Protesters on Aug. 18, 2024, call for justice and the end to violence against women after the rape and murder of a woman doctor in Kolkata, India. Photo by Sudipta Das/NurPhoto via Getty Images
FATIMA BHUTTO
Early last month, a 31-year-old trainee doctor at Kolkata’s RG Kar Medical College was midway through a 36-hour shift when she took a break to eat a late dinner with her colleagues around 2 am local time. After the meal, they left her alone in the seminar room, where she was reportedly going to rest because there were no facilities for exhausted doctors. The next morning, her body was found with signs of extreme sexual abuse. Hospital administrators told her family that she had committed suicide, but when her parents – who had toiled and saved to send their only child to medical school – saw the body, it was beyond evident that she had been tortured and murdered. Her father, a tailor, had worried about her safety traveling home late at night after her shifts and had borrowed money to buy a car. “I wanted her to be safe on the roads at night,” her father said, “but she wasn’t even safe at the hospital as a doctor on duty.”
After the story broke and a hospital volunteer was arrested, protests erupted in Kolkata and across India.

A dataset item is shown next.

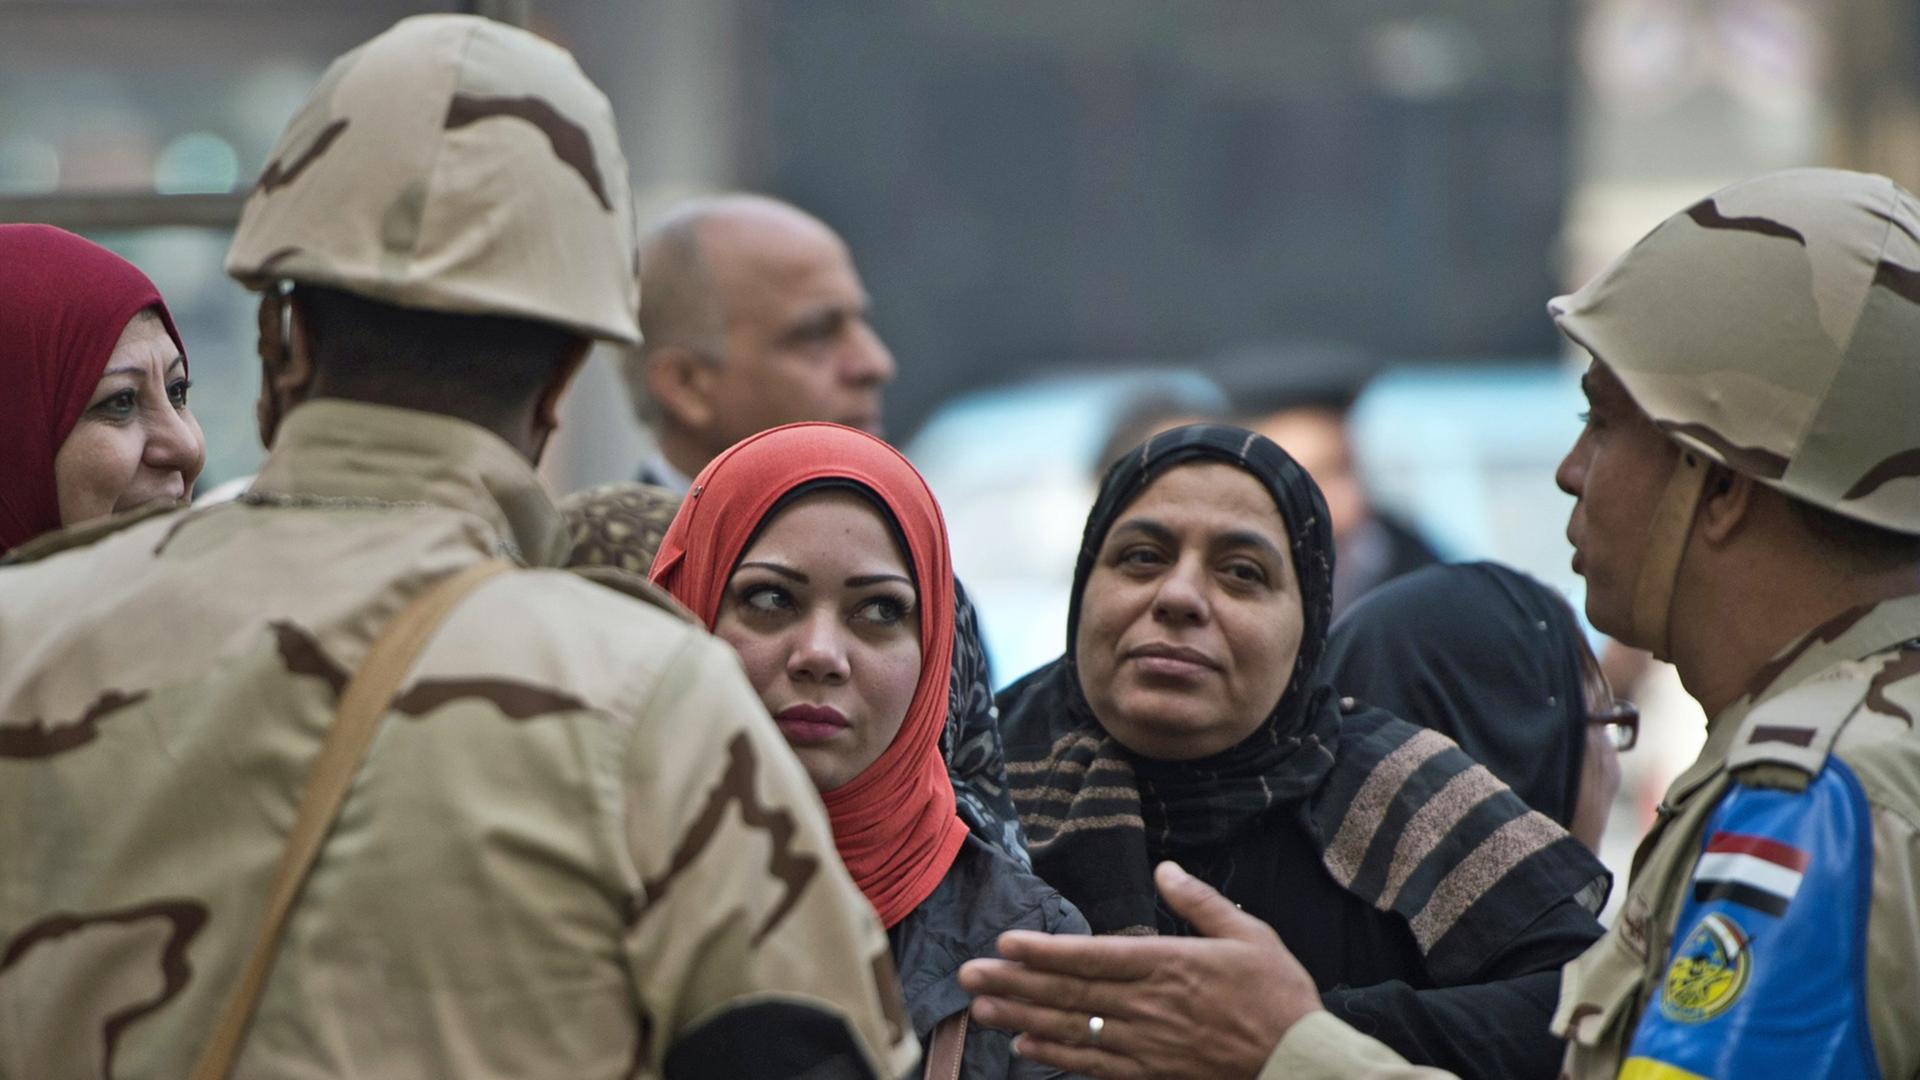 Soldaten und Frauen gestikulieren vor einem Wahllokal in Ägyptens Hauptstadt Kairo
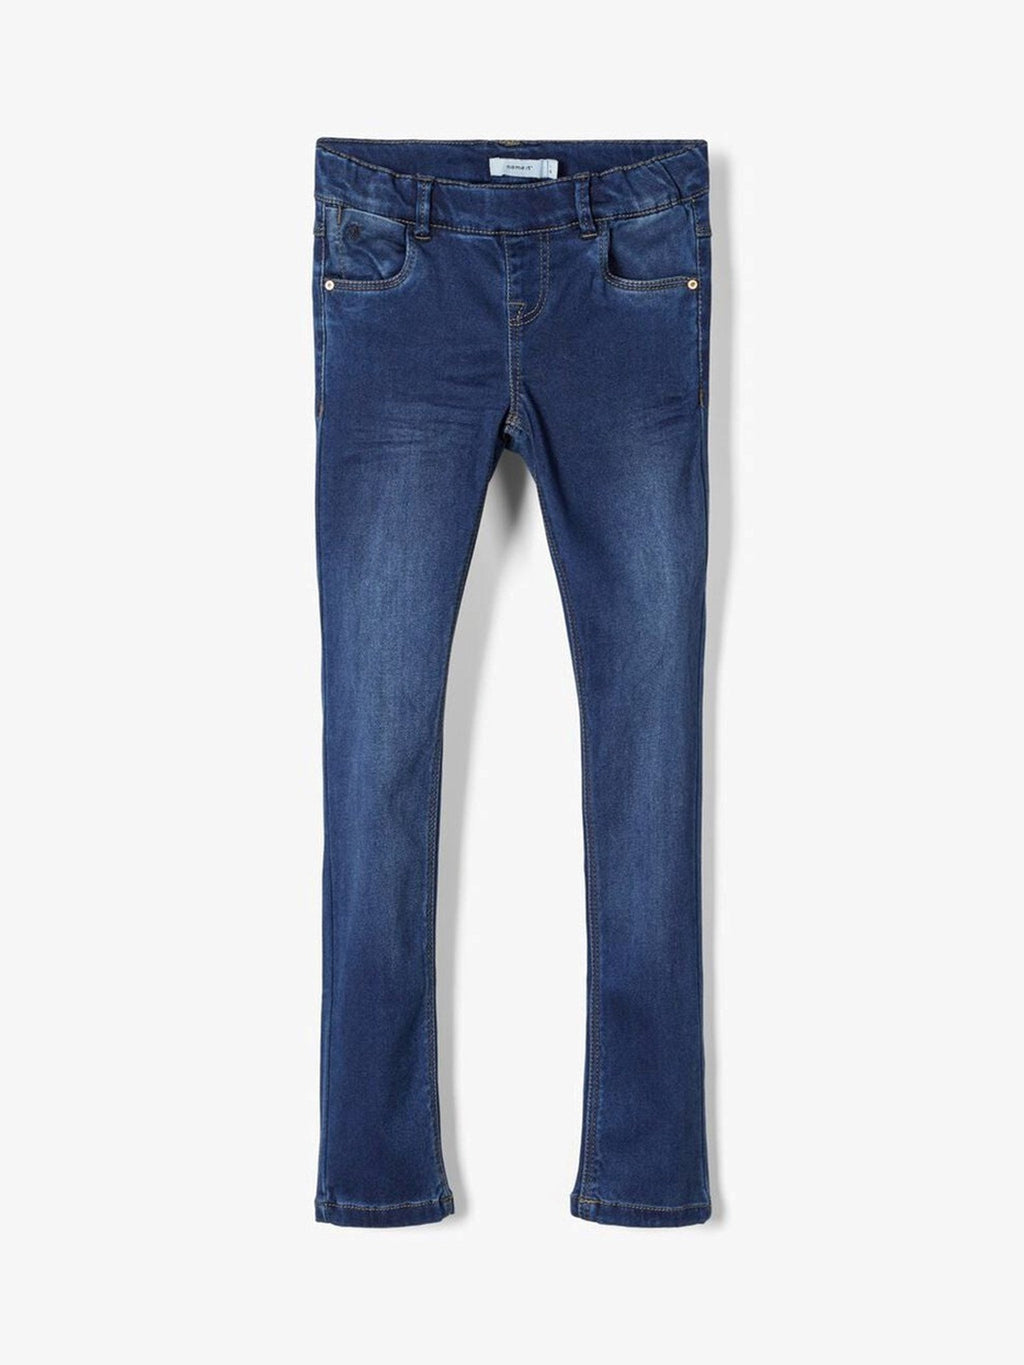 Super weicher Jeggings - dunkelblauer Jeans

The principal of the medical college didn’t, at least publicly, offer his deepest condolences or promise an inquiry. Instead, Sandip Ghosh asked why the female doctor was resting alone in a room at night. The India Medical Association, the country’s largest group of doctors, called a nationwide strike shutting down all non-emergency services for 24 hours across the enormous country. Women across India joined the protests to express their anger and grief. Junior doctors in Bengal kept their strike going for weeks, ending it only recently.
This is not the first time that India has been rocked by such a barbarous crime. A young woman was horrifically gang raped on a bus in Delhi in 2012, sending shock waves across the world. In 2018, an 8-year-old Muslim girl, Asifa Bano, was gang-raped, held for days in a temple, and then killed. When her alleged rapists were arrested, two ministers from the ruling BJP party attended rallies in support of the men. Though they later had to resign, it was that same year that a Thomson Reuters Foundation’s annual report called India the most dangerous country in the world for women, surpassing Saudi Arabia and Afghanistan. Four years later, in 2022, it was estimated that an average of 86 rapes took place in India every day.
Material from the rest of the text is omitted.